Being in the “right relationship”, I argue, is not something we can choose or that we can arrange by shopping around for “the right partner”, whether by serially dating (if we are monogamous) or by being in multiple relationships at the same time (if we are not). It is, instead, an artifact of chance, disinterestedness and self-awareness. Life will beat you down over and over again and will start smiling at you precisely when you have stopped trying to control it and have become indifferent to achieving what you most want – whether that be your dream job or having children.

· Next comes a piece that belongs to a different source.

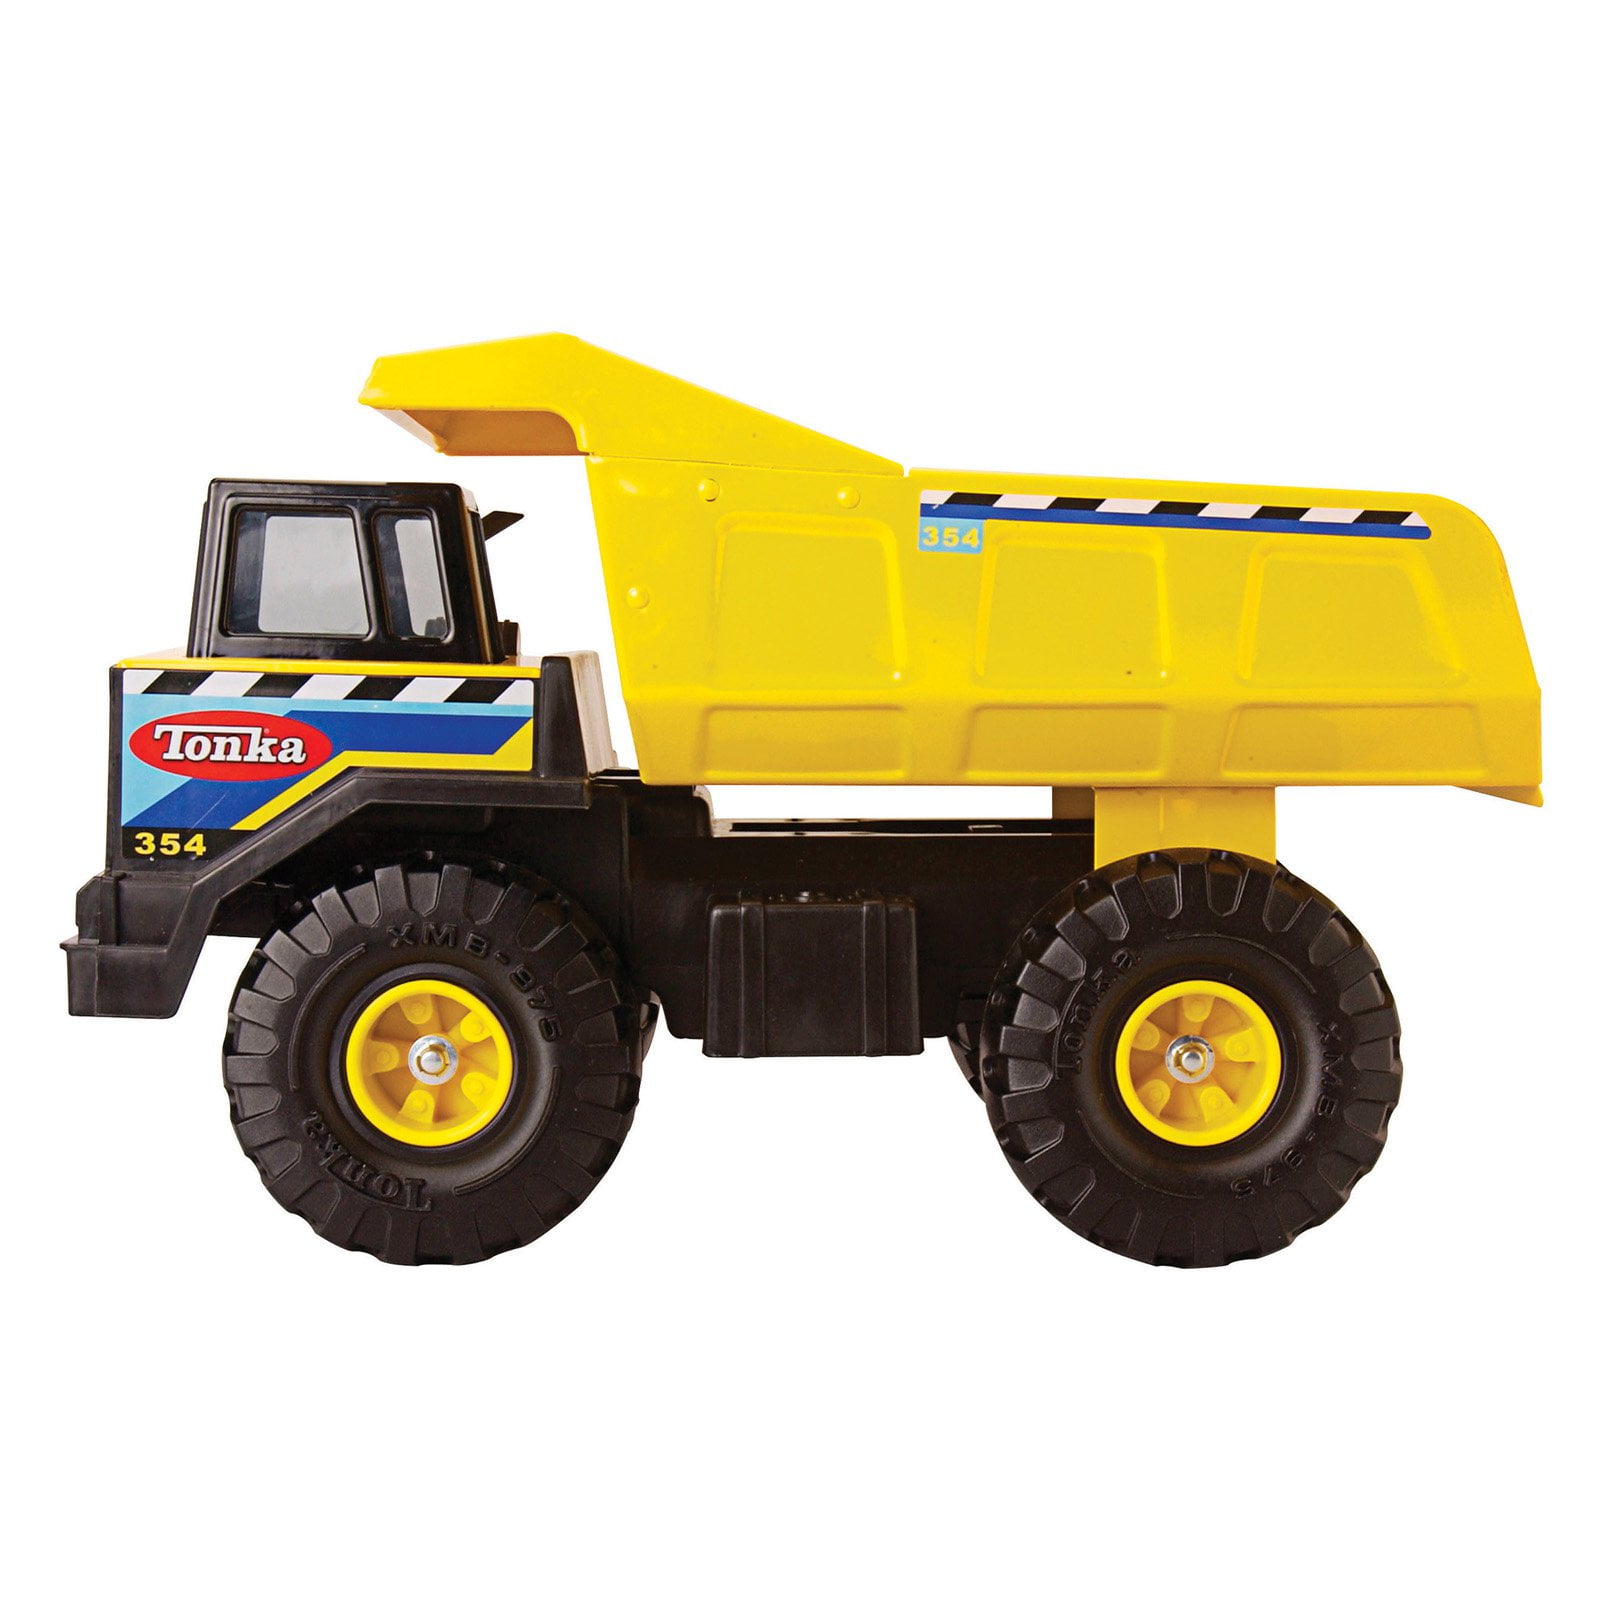 Details about   Tonka Steel Classics Mighty Dump Truck 06025

If gearing up for success concerns not only on our preparation but crucially a revisited attitude towards chance, then we must enable ourselves to embrace and smoothly let go of choices, people, things, and we must be compassionate and non-judgemental enough with ourselves to accept our mistakes and changes of mind. In order to be receptive to life, we must:

1. Notice the steering.
2. Understand the steering.
3. Give up on steering.

Developing this awareness requires time, and experience. Intellectual Understanding per se is not enough: Emotional Understanding must happen, and that requires a catharsis, that is, being beaten by life till we actually learn the lesson we thought we knew. Portia Nelson captures this shift flawlessly in her “There’s a Hole in My Sidewalk: The Romance of Self-Discovery”:

“I walk down the street.
There is a deep hole in the sidewalk.
I fall in.
I am lost… I am helpless.
It isn’t my fault.
It takes forever to find a way out.

I walk down the same street.
There is a deep hole in the sidewalk.
I pretend I don’t see it.
I fall in again.
I can’t believe I am in the same place.
But, it isn’t my fault.
It still takes me a long time to get out.

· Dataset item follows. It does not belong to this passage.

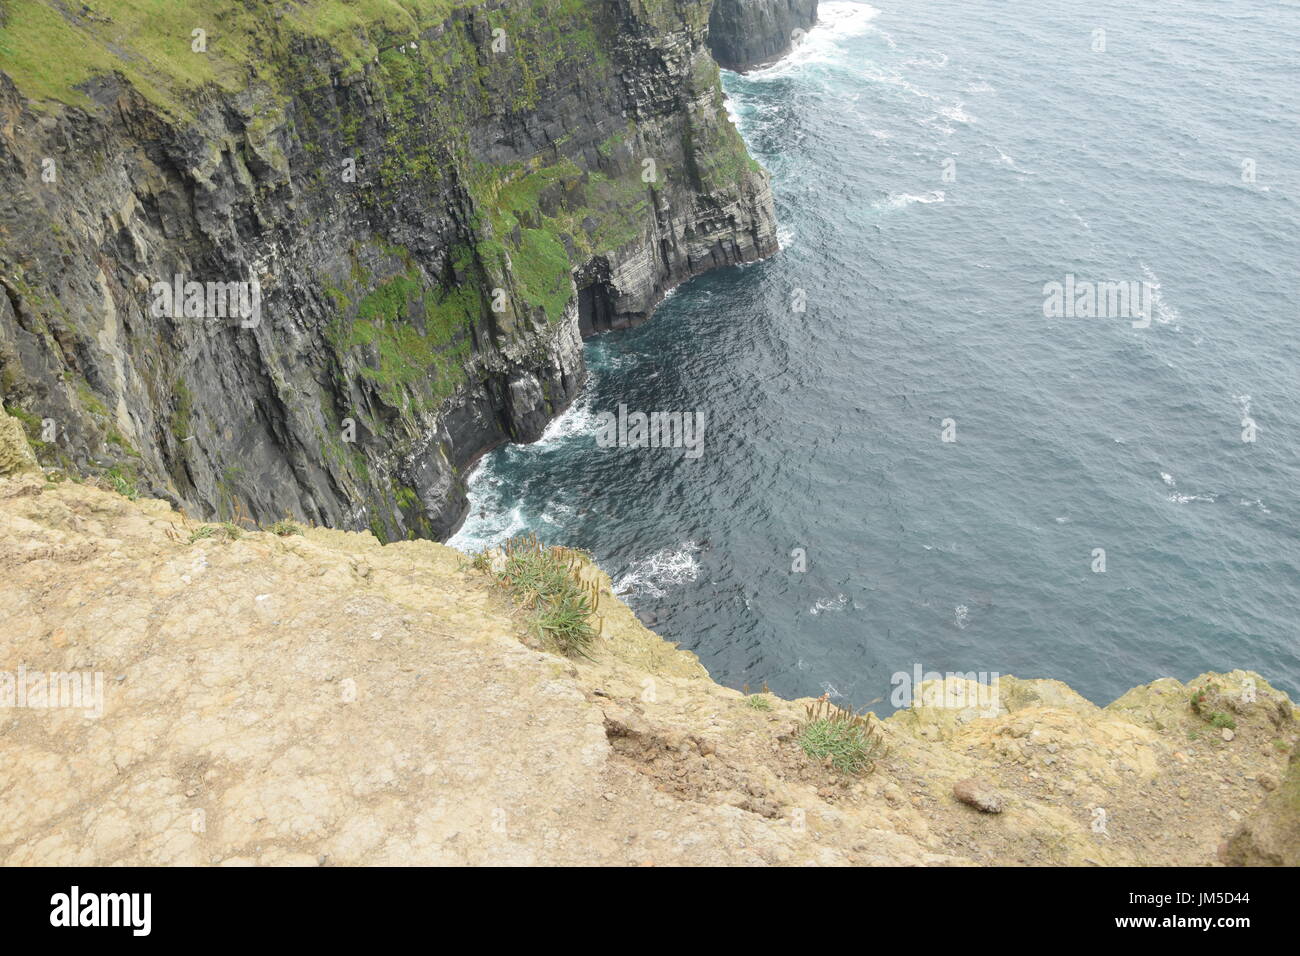 Cliff drop of the Cliffs of Moher in the County Clare, west Ireland Stock Photo

I walk down the same street.
There is a deep hole in the sidewalk.
I see it is there.
I still fall in. It’s a habit.
My eyes are open.
I know where I am.
It is my fault. I get out immediately.

I walk down the same street.
There is a deep hole in the sidewalk.
I walk around it.

I walk down another street.”

Explore, reach out, welcome connections humbly and see where they take you without trying to steer them, in the knowledge that they have a life of their own and they may never take you where you desire. Patiently accept them for what they can give you. Gently put them down if they turn out to be misaligned with your values and identity. Nourish them and watch them grow. Express your hopes, discuss your concerns, listen. And prepare to welcome the unexpected – including achieving exactly what you desired, when you least cared for it.

Much like atoms and stars, life will follow the path of least resistance: it will deliver exactly what you ask for, if you just stop demanding.